Buried beneath thousands of feet of limestone in the Yucatán Peninsula are the remains of an impact so great that it wiped out over half of the Earth’s species. The Chicxulub Crater, named after the village which lies near its center, spans over 110 miles wide, with about half of it resting below the Caribbean Sea.
Some 65 million years ago, an asteroid or comet the size of a small city came hurtling toward Earth. With a force of 100 million megatons of TNT (two million times stronger than the most powerful man-made bomb), it crashed into our planet and created devastating consequences for both the dinosaurs and all other life.
Shockwaves rippled outwards from the site, triggering earthquakes and volcanic eruptions across the world. In the oceans, the explosion unleashed megatsunamis measuring thousands of meters high. Massive amounts of debris from the impactor and the Earth were kicked up into the atmosphere and beyond. Some of the larger ejected chunks came speeding back down, igniting in the atmosphere and setting off global firestorms. Meanwhile, the sky darkened as a cloud of dust covered the Earth, blocking sunlight and preventing photosynthesis for years.
After millions of years of erosion and sedimentation, however, evidence of the cataclysmic event is hard to come across today. Even for a spectator standing high above the crater’s center, the impact’s effects are not apparent. Perhaps the most telling features of the surrounding landscape are the cenotes. These water-filled sinkholes, once used by the Mayans in sacrificial ceremonies, dot the crater’s edge where the rock was weakened.
In fact, it was not until 1978 that the Chicxulub Crater was finally unearthed. The discovery is generally attributed to Glen Penfield, a geophysicist who noticed the region’s unusual features while working for the Mexican oil company Pemex. While examining a magnetic survey map of the Gulf of Mexico, Penfield observed a semicircular arc suggesting the presence of an impact crater. Unbeknownst to him, a former Pemex employee had noted a similar anomaly in a gravity map of the Yucatán. However, the petroleum company prohibited this worker from publishing his findings and the map’s significance went unrealized for years before Penfield used it to confirm his suspicions.
Just a few years later, researchers like the father-and-son geology team of Luis and Walter Alvarez and the graduate student Alan Hildebrand published controversial articles that suggested a large impact from an asteroid caused the mass extinction at the end of the Cretaceous period. As evidence, scientists relied on a 65-million year old layer of iridium-enriched clay named the K-T boundary. They argued that only a collision with a large extraterrestrial body could account for the levels of iridium (a rare element of relative abundance in meteorites) present in the rock, and the worldwide distribution of the boundary layer.
It was also predicted and later confirmed that the extreme pressures and temperatures associated with the violent explosion would have ejected and widely distributed “shocked quartz” (a deformed type of the familiar crystalline solid) and tektites (spherules of natural glass rock).

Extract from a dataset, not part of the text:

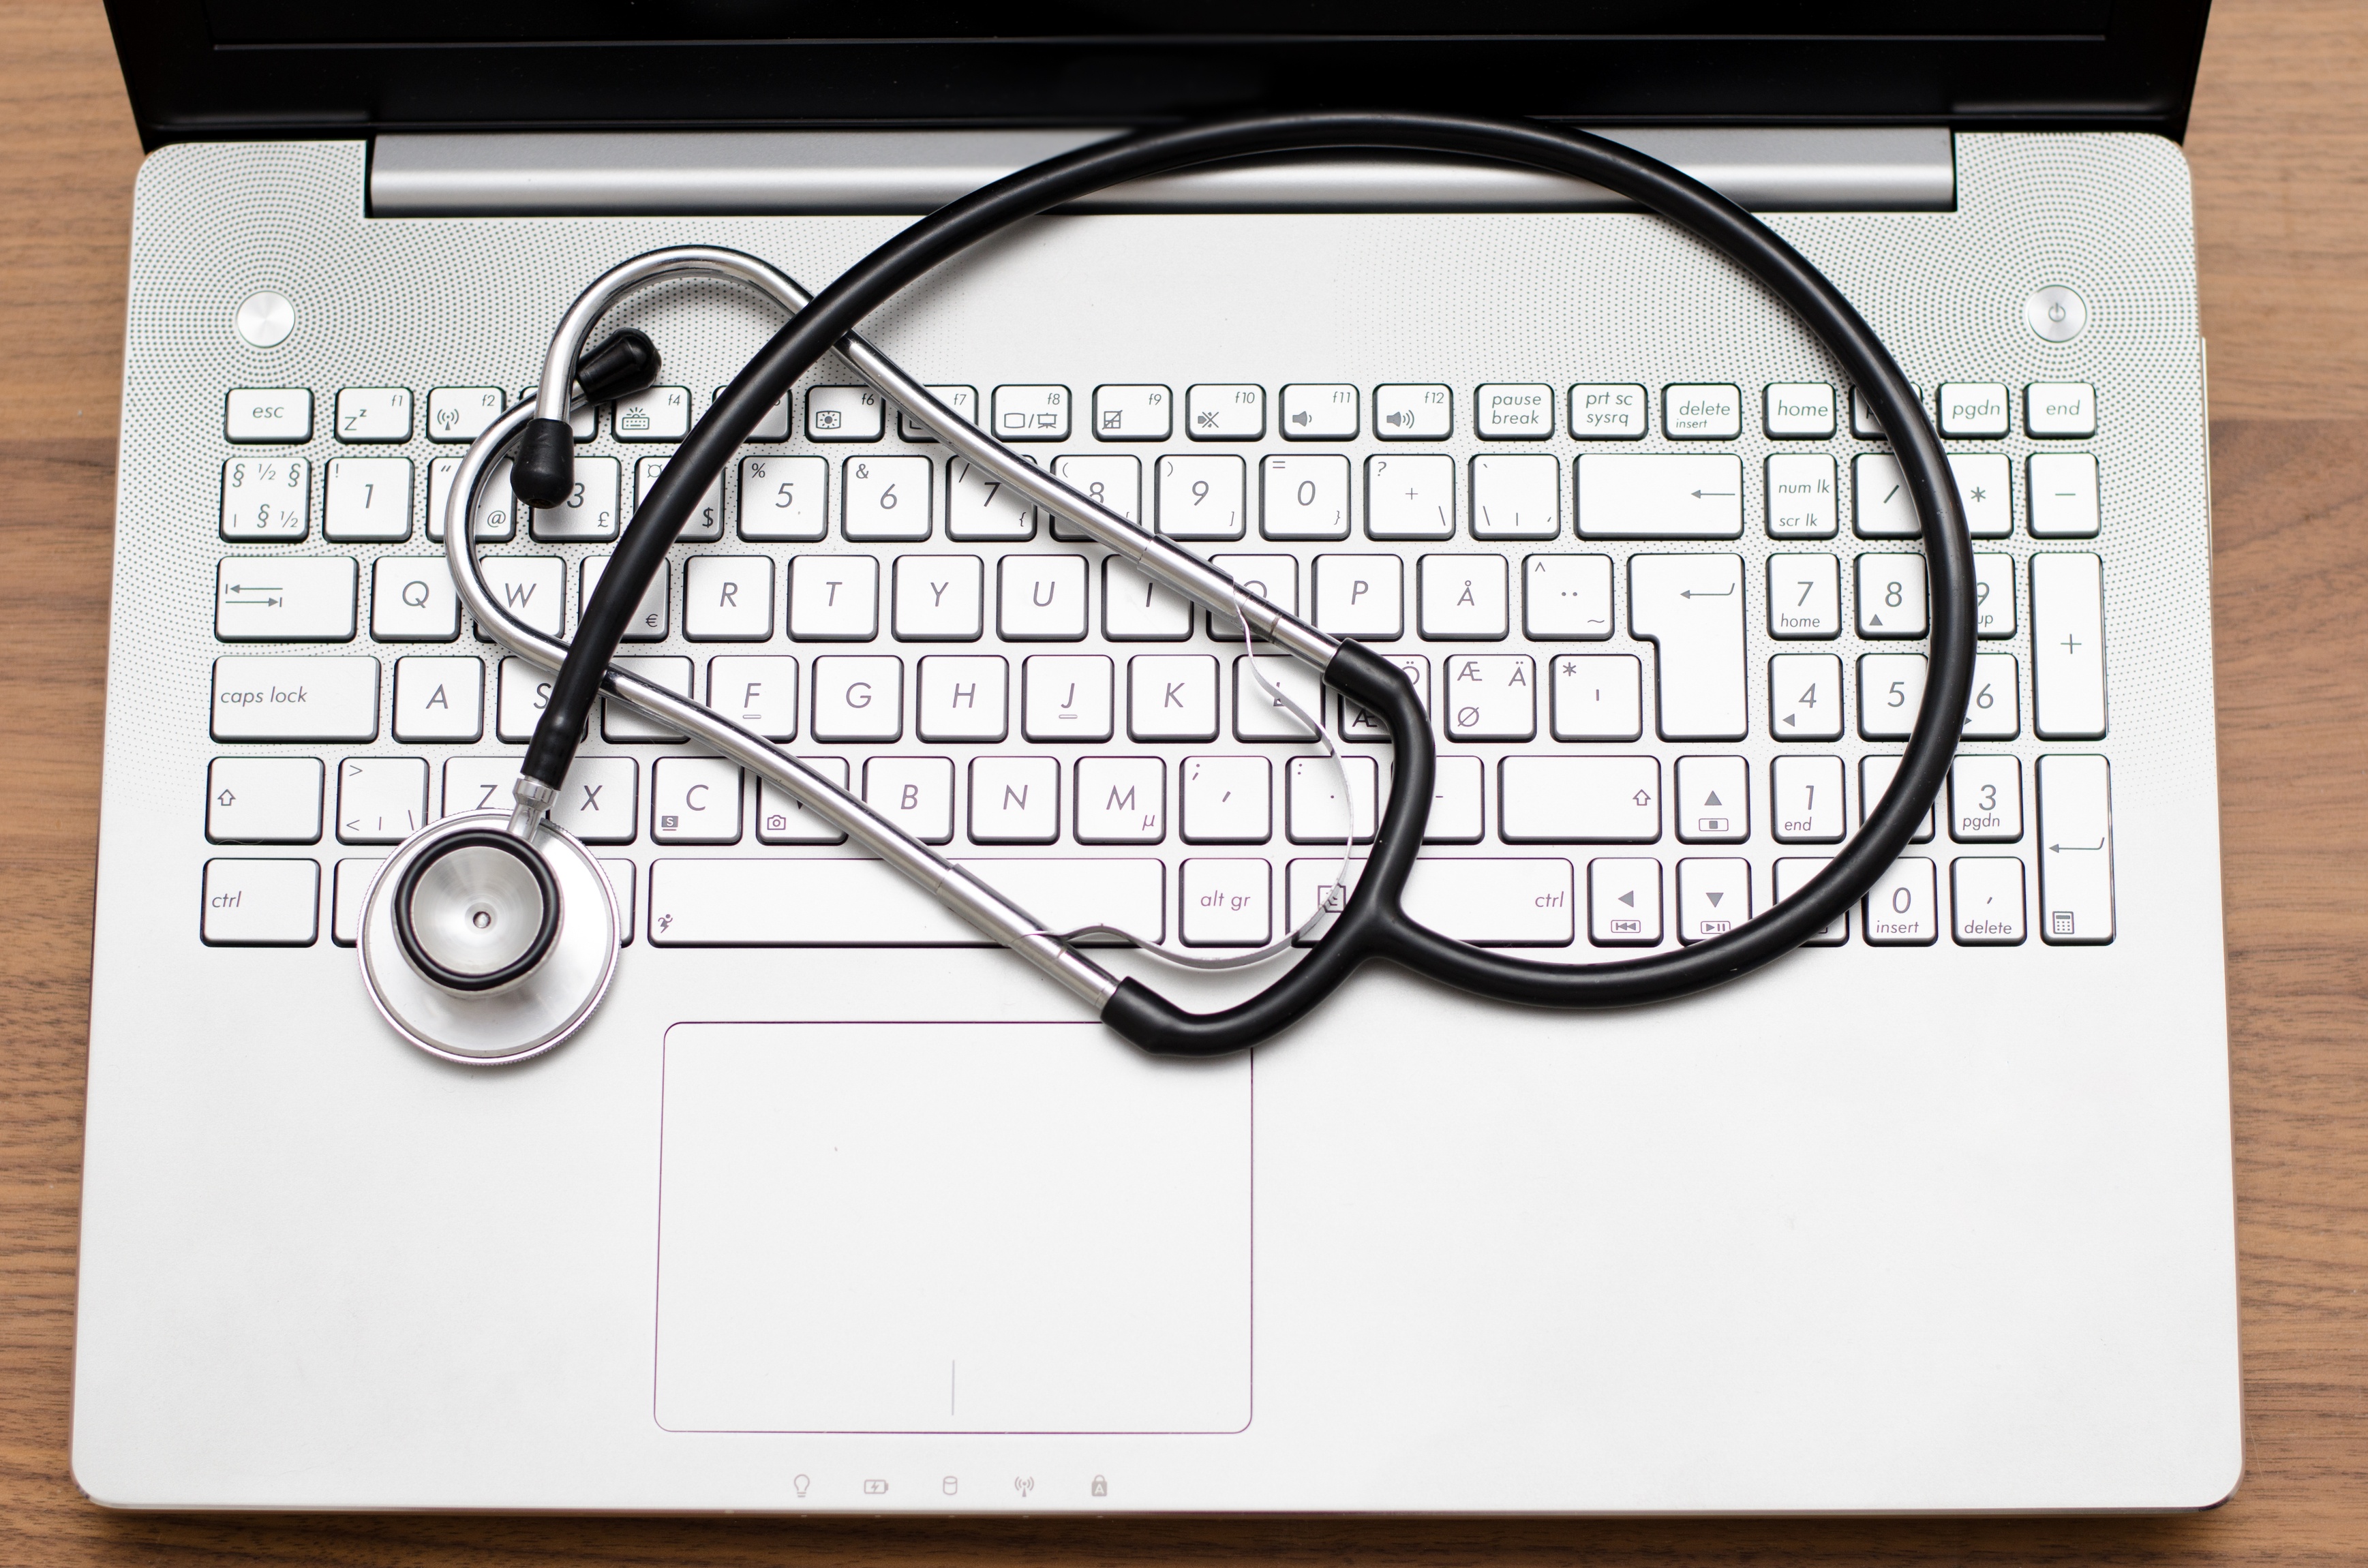 Top 5 Most Widely Used EHRs Named in Medscape EHR Report

While science inched closer to a reasonable explanation for the demise of the dinosaurs, another decade passed before Chicxulub was realized as the remains of the catastrophic event. This occurred in 1990, when a newspaper reporter informed Hildebrand of Penfield’s work and the two scientists began working together on Pemex drill samples from the site. Soon enough, the crater’s age and properties were confirmed to correlate with predictions.
Today, Chicxulub remains a hot topic of study. Some researchers use computer models to recreate the formation scenario and explain the crater’s structural changes, while others are concerned with tracing the impacting body back to its initial home in the main asteroid belt.
Perhaps the most controversial work, though, involves pinpointing the exact events that led to the dinosaur’s extinction. There is considerable disagreement in the scientific community regarding whether the impact was isolated or part of a relatively short epoch of collisions in which the proceeding periods of global cooling and warming finally finished off the ill-fated beasts.
Whatever the case may be, impacts the size of Chicxulub occur on Earth about once every 100 million years, making the crater in Mexico a humbling and perhaps unsettling reminder of life’s fragility.